使用 Qwen2.5B + QLoRA 情緒分類模型改善實驗:結構化輸出、CoT 推理與 JSON 評估實作
本章節要將情緒「分類」升級到「結構化輸出」
原本Stage 1 只回一個詞(喜悅)。Stage 2 要回一個 JSON 物件:
{
"instruction": "分析以下文本的情緒,輸出 JSON:emotion(類別)、intensity(1-5)、trigger(觸發詞)、reasoning(分析過程)",
"input": "他竟然在背後說我壞話,我真的快氣炸了",
"output": {
"emotion": "憤怒",
"intensity": 4,
"trigger": "背後說壞話",
"reasoning": "「竟然」表示出乎意料的憤慨,「快氣炸了」是強烈憤怒的慣用表達"
}
}
在這過程中要加入 COT,爲什麽呢?
# 不加 CoT
input: "還不錯吧,就這樣" → "中性" ❌(可能是掩飾的悲傷)
# 加 CoT(先推理再下判斷)
reasoning: "語氣平淡但含「吧」,暗示不確定或壓抑,結合「就這樣」的放棄感"
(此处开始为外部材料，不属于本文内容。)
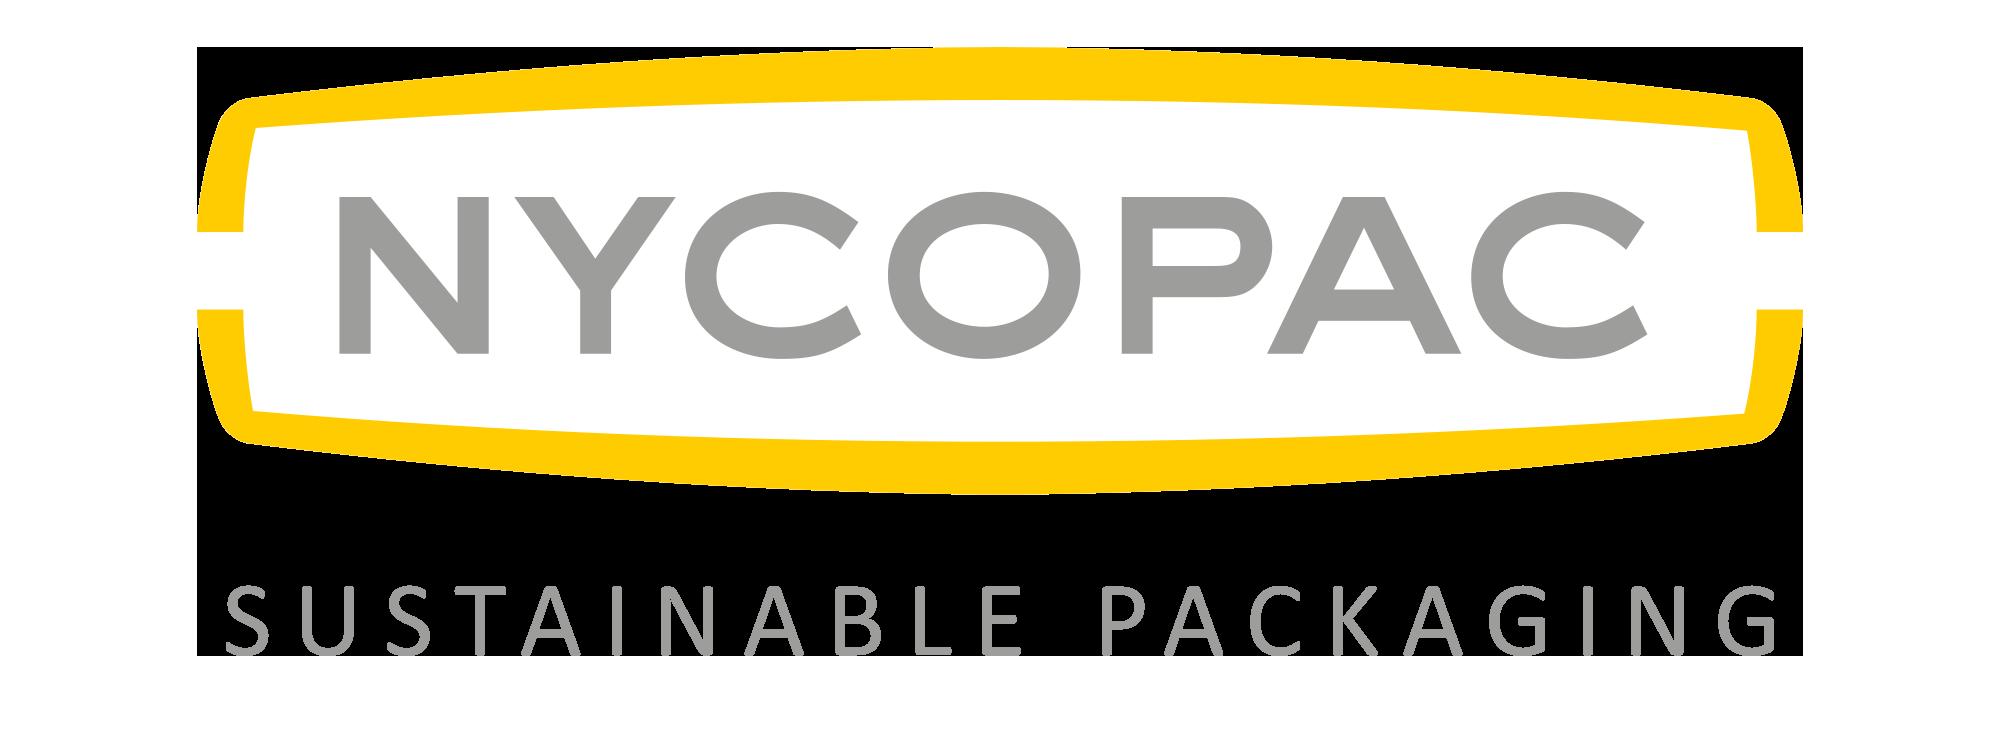 Nycopac

output: {"emotion": "悲傷", "intensity": 2, "trigger": "就這樣(放棄感)"} ✓
首先第一個,將 Stage 1 資料升級成結構化資料
執行如下
python finegrained.py build \
--in ../Week1-DataEngineering/data/synth.jsonl \
--out data/train_struct.jsonl
def cmd_build(args):
"""把 {text, emotion, intensity, trigger[, reasoning]} 轉成 Stage 2 指令格式。"""
out = []
for s in _read_jsonl(args.infile):
target = {
"emotion": s["emotion"],
"intensity": int(s.get("intensity", 3)),
"trigger": s.get("trigger", ""),
"reasoning": s.get("reasoning", ""), # 沒有就留空,建議由合成階段補上
}
out.append({
"instruction": STRUCT_INSTRUCTION,
"input": s["text"],
"output": json.dumps(target, ensure_ascii=False),
})
_write_jsonl(args.out, out)
print(f"✓ 轉換 {len(out)} 條 → {args.out}")
no_reason = sum(1 for r in out if not json.loads(r["output"])["reasoning"])
if no_reason:
print(f"⚠ {no_reason} 條缺 reasoning,建議用大模型補 CoT 後再訓練")
接下來則是微調結構化輸出模型
訓練流程與 QLoRA 相同,差別只在資料的 output 是 JSON 字串
python finegrained.py train \
--data data/train_struct.jsonl \
--model Qwen/Qwen2.5-1.5B-Instruct \
--out ./emotion-struct-lora
def cmd_train(args):
"""結構化輸出訓練——核心 QLoRA 流程與 Week 2 共用。"""
import torch
from datasets import Dataset
from peft import LoraConfig
from transformers import (AutoModelForCausalLM, AutoTokenizer,
BitsAndBytesConfig)
from trl import SFTConfig, SFTTrainer
tokenizer = AutoTokenizer.from_pretrained(args.model)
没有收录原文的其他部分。